START DATA SECTION

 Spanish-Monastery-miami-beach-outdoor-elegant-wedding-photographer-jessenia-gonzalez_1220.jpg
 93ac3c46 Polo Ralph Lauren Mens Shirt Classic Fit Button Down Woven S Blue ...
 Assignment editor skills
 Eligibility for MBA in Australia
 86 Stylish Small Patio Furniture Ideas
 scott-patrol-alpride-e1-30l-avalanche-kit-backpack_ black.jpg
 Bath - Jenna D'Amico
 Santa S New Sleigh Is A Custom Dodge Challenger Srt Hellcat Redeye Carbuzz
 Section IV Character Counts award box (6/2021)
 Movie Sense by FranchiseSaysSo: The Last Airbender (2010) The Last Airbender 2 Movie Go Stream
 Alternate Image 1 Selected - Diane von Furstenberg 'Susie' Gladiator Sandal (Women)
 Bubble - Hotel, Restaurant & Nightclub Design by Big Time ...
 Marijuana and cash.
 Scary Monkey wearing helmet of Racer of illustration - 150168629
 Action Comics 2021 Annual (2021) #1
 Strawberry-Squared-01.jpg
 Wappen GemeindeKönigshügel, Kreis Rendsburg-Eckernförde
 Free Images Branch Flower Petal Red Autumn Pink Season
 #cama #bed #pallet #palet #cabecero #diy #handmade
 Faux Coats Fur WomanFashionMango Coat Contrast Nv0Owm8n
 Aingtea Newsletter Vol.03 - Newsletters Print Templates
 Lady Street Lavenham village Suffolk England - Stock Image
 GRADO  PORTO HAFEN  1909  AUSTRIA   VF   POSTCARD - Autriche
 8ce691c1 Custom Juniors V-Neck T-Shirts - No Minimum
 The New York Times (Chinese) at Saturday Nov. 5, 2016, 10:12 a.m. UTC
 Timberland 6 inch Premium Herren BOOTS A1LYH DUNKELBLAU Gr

END DATA SECTION

TASK DESCRIPTION: Select every line above that contains the word "Custom", and copy it.

RESPONSE AREA:
 Santa S New Sleigh Is A Custom Dodge Challenger Srt Hellcat Redeye Carbuzz
 8ce691c1 Custom Juniors V-Neck T-Shirts - No Minimum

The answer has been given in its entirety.